Вскоре после мать и бабушка переправили Юла с сестрой в Харбин, тогда находившийся под контролем китайцев, – подальше от угрозы советского ареста. Их туда перевез Феликс – в дом, который он снял в русском квартале Новый город.
Юл был живым и непослушным мальчишкой, – писала Ирина, – его изобретательным проказам не было числа. На все у него всегда находилось решение. Если ему чего-то хотелось, а мать говорила, что у них нет на это денег, он отвечал:
– Ну так сходи в банк и купи денег.
Он много дрался и с мальчишками, и с девчонками, и учителя постоянно жаловались на него матери. Когда Маруся хотела его наказать, моя мама обычно за него заступалась[118].
Вот так он с раннего детства учился разрабатывать стратегии того, как стравливать различные авторитеты.
Взрослея посреди хаоса военных лет и семейной травмы, с последующим бегством в Китай, Юл вынужден был самими обстоятельствами воспитать в себе внутреннюю систему поддержки – сознательно сконструировать и стать собственным примером для подражания, собственным героем, своим принципом организации.
Шестилетний Юл поселился в Харбине, когда город праздновал свое тридцатилетие. Об уникальности Харбина сочинены многие тома, посвящены они и глубокомысленным дебатам о том, какой преимущественно это город, русский или китайский – как в 1910 году, так и в 1920-м и 1925-м.
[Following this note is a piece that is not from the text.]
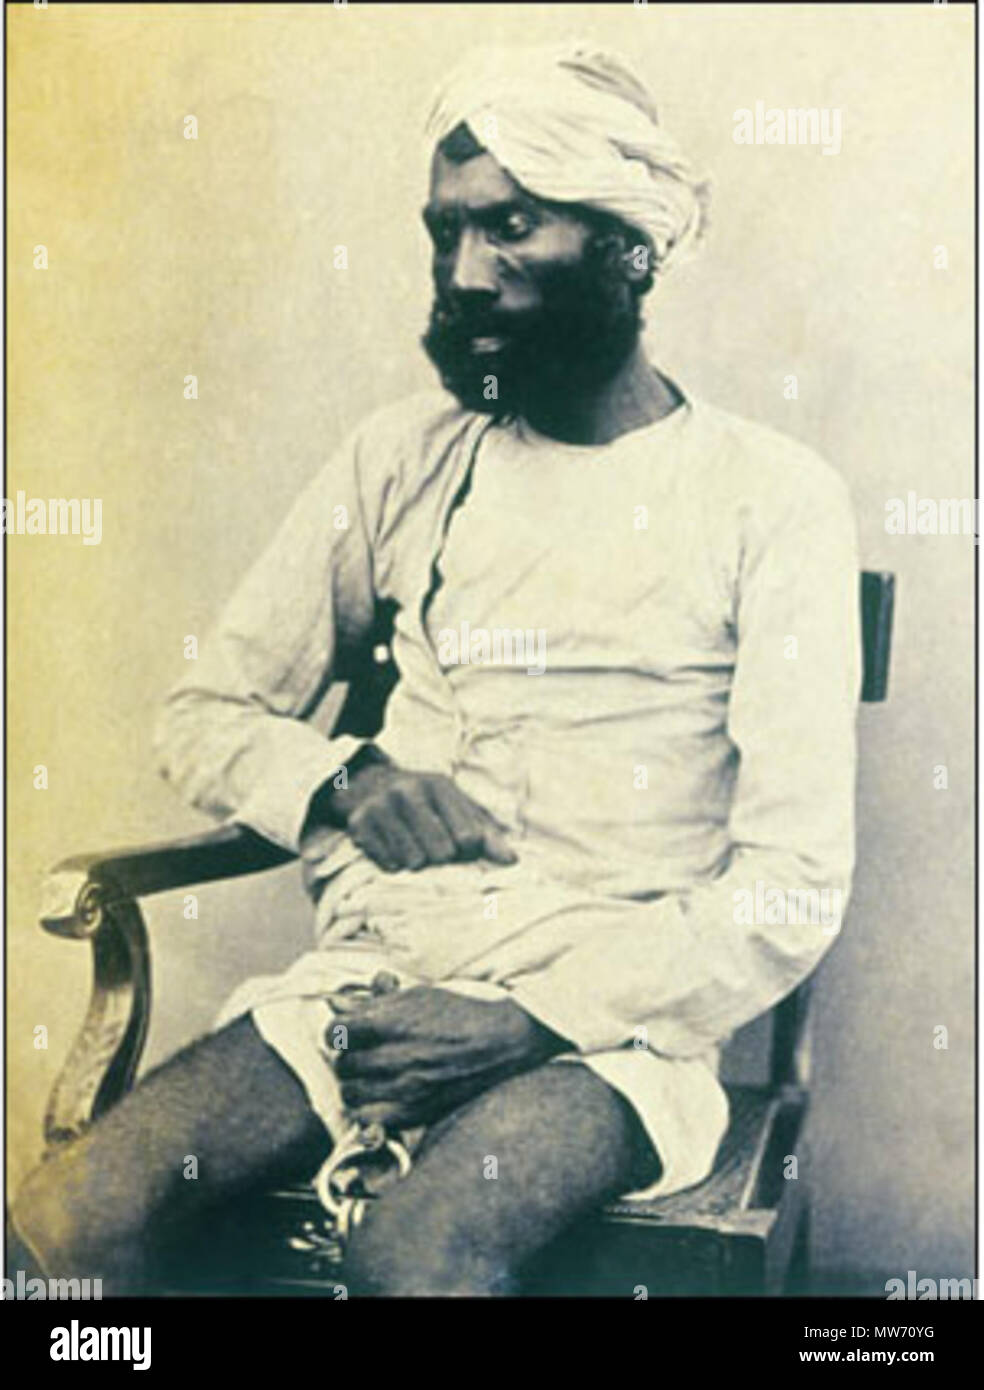 20 A hand-written caption identifies the man as Gungoo Mehter who was tried at Kanpur for killing many of the Sati Chaura survivors, including many women and children. He was convicted and hanged at Kanpur on 8 September 1859. Stock Photo

Посад был основан по распоряжению министра финансов Сергея Витте в 1896 году, чтобы в нем размещались рабочие, строившие Китайско-Восточную железную дорогу, и большинство населения Харбина составляли китайцы и корейцы, однако они контролировали лишь крохотную долю общего благосостояния. В 1920-х годах, по словам Стивена, почти четверть полумиллионного городского населения были русскими. «Харбин оставался крупным центром русской диаспоры до конца 1940-х годов, – писал он. – Преобладали китайцы (300 тысяч), за ними следовали корейцы (34 тыс.) и японцы (5 тыс.). Кроме того, существовали анклавы балтийских немцев, поляков, украинцев, армян, татар, грузин и эстонцев, бежавших от большевиков, а также около 13 тысяч русских евреев – некоторые жили здесь уже долго и стали видными фигурами в деловых, религиозных и ученых кругах Харбина»[119]. На самом деле, с завершением строительства КВЖД Харбин «мог тягаться с Владивостоком за главенство в регионе. И русские, и иностранные фирмы открывали в Маньчжурии свои представительства», и среди них заметными были «Бринер и компания» – со швейцарским флагом над входом.
Школа Ассоциации молодых христиан, куда ходили дети Бринеров, – любимое заведение многих поколений учащихся. Хотя директор ее Хейг по рождению был американцем, занятия вели на русском, программа и методы преподавания копировали с русских гимназий, и начальные классы, которые Юл посещал с 6 до 11 лет, готовили к традиционно русскому дальнейшему обучению. Школа заслужила столь высокую репутацию, что ее выпускников принимали в американские университеты без вступительных экзаменовок.
Занятия в школе АМХ начинались в девять, после получасовой молитвы в актовом зале, и заканчивались в три; после чего Бринеры обедали, и у Юла начинались уроки музыки с тетей Верой (та продолжала изредка давать концерты после своей медицинской карьеры в Москве), а потом следовало делать домашние задания. Они с сестрой – которая разбивала сердца всех мальчиков в Харбинской средней школе – также занимались пением, и вскоре стало ясно, что голоса у обоих исключительные; поскольку и Маруся, и Борис прекрасно пели, музыка в жизни их всех всегда многое значила. Быть может, именно поэтому, когда Юл попросил у отца на свой десятый день рождения гитару, Борис действительно достал для него инструмент, и вскоре Юл сменил клавиши на струны.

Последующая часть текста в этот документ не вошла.